I survived my first Lab Exam. I think I did ok. I bought myself a pink glittery barrette and decided to imbue it with mystical testing taking skills, so I wore it today. Hopefully, all the imbuing did it's job and I did well!
I also survived my first experience with the cadavers today. We're learning the muscles, so there were two skinned bodies for us to study. One for the posterior side (the back of your body) and one for the anterior side (the front side of your body). Them being skinned helped me a little, as I didn't actually see the person's face, just the muscles underneath. So far my favorite muscle has to be the buccinator...it's the muscle that controls the ability for a trumpet player to play his trumpet. Eventually, I'll need to be able to name the major muscles, where they originate, where they attach on the body and their "job"....I'm pretty sure I'm going to either kick some muscle ass or have a muscle-induced nervous breakdown!

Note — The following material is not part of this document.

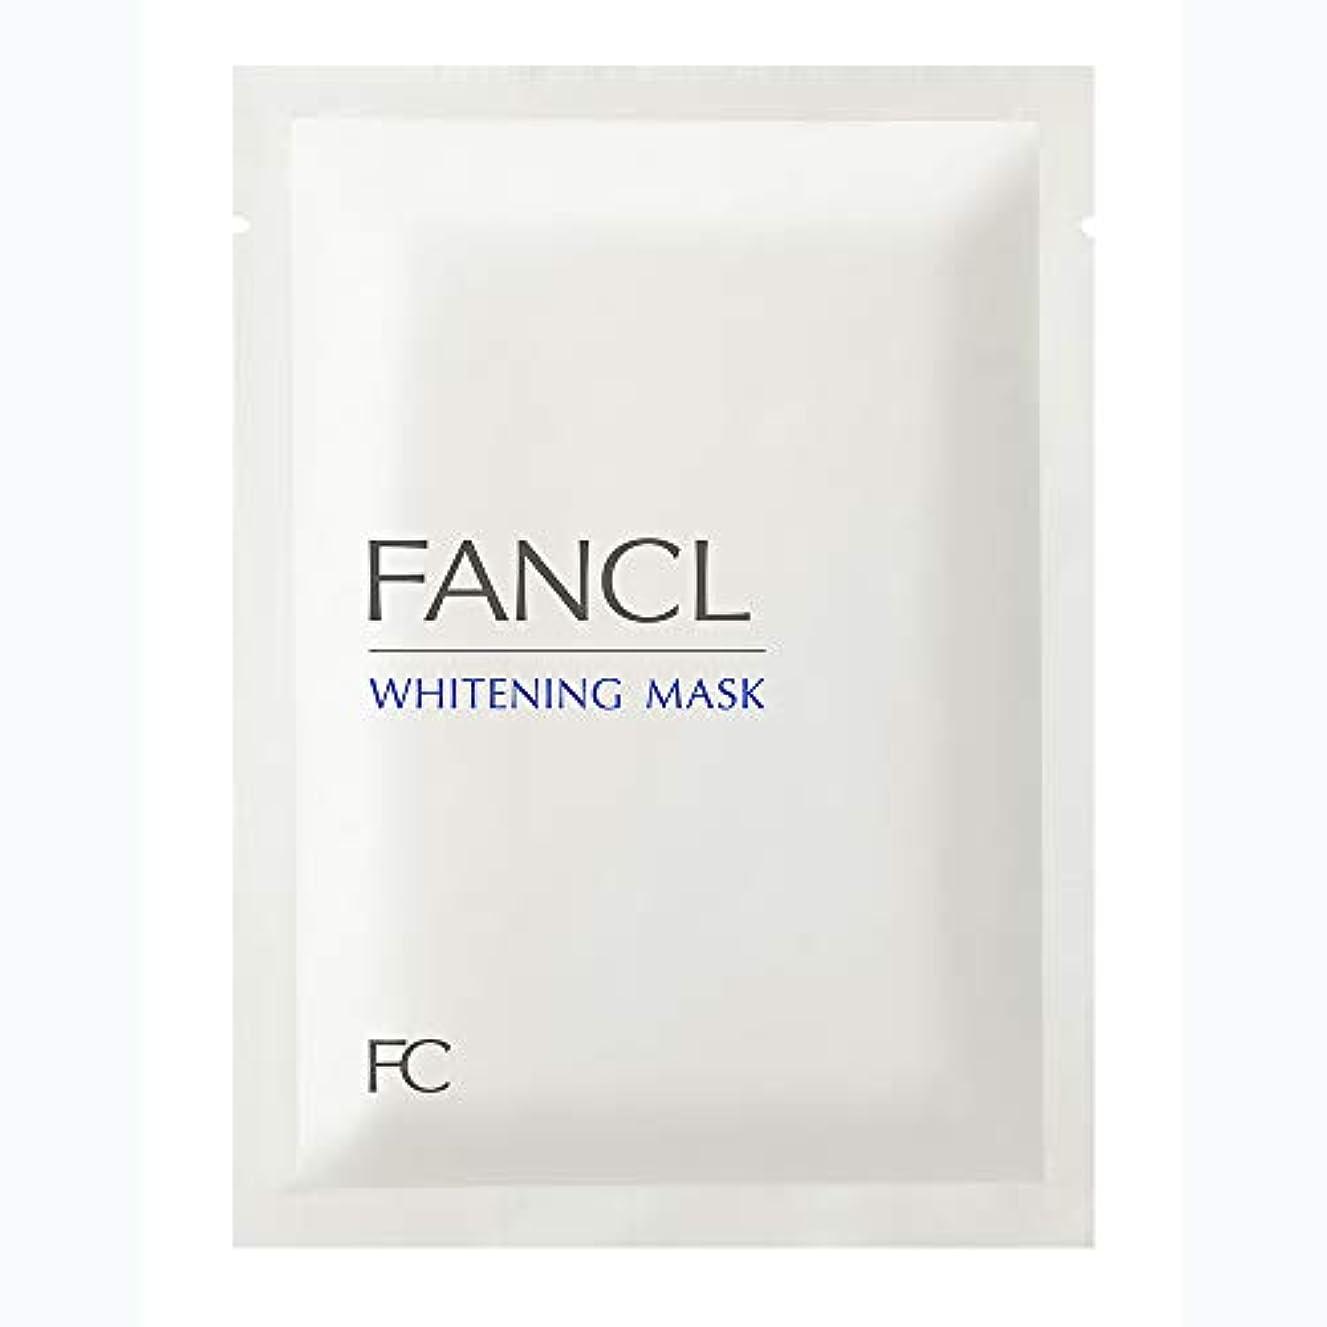 身元微生物キャンドル新ファンケル(FANCL) ホワイトニング マスク<医薬部外品> 21mL×6枚

After attending the funeral of our House Manager (she was diagnosed with Stage 4 pancreatic cancer in February) yesterday, I have decided that I am ANTI-funerals. They just seem so cruel and unnecessary. I realize the whole purpose is to provide closure for those left behind, but I fail to see the appeal in making the children, who have just lost their mother, and the husband, who has just lost the love of his life, get up and talk about how great she was. Everybody who knew her knew she was a great woman! Besides, I'm too empathetic....as soon as I see someone crying, I'm gone and I don't particularly like making the ugly cry face in a room full of partial strangers.
I shouldn't like Tori Spelling & Dean McDermott as much as I do. I feel partially guilty about it. I mean, they're just so cute together and you see them and see how in love they are with each other and how "perfect" they seem to fit together....and then you remember that they were both married when they met and that they cheated on their respective spouses to be together....but that doesn't seem to matter because they're just so damn cute together. See. Guilt.
2 comments:
I happen to love Tori and Dean as well. Watching their show makes me laugh because they really do "work well" together. Don't feel guilty. It's not like you're saying you like S Club 7 or anything.
When I was in LA, I was at Bed, Bath and Beyond. I looked at this kissing couple in front of me and thought, "Is something wrong with that girls face?" Then I thought, "I think I know her." and then I realized it was a knocked up Tori Spelling with Dean McDermot in tow. My next thought, was the same thought I had every time I ran into a celebrity, "Oh man... Why aren't you Brad Pitt!"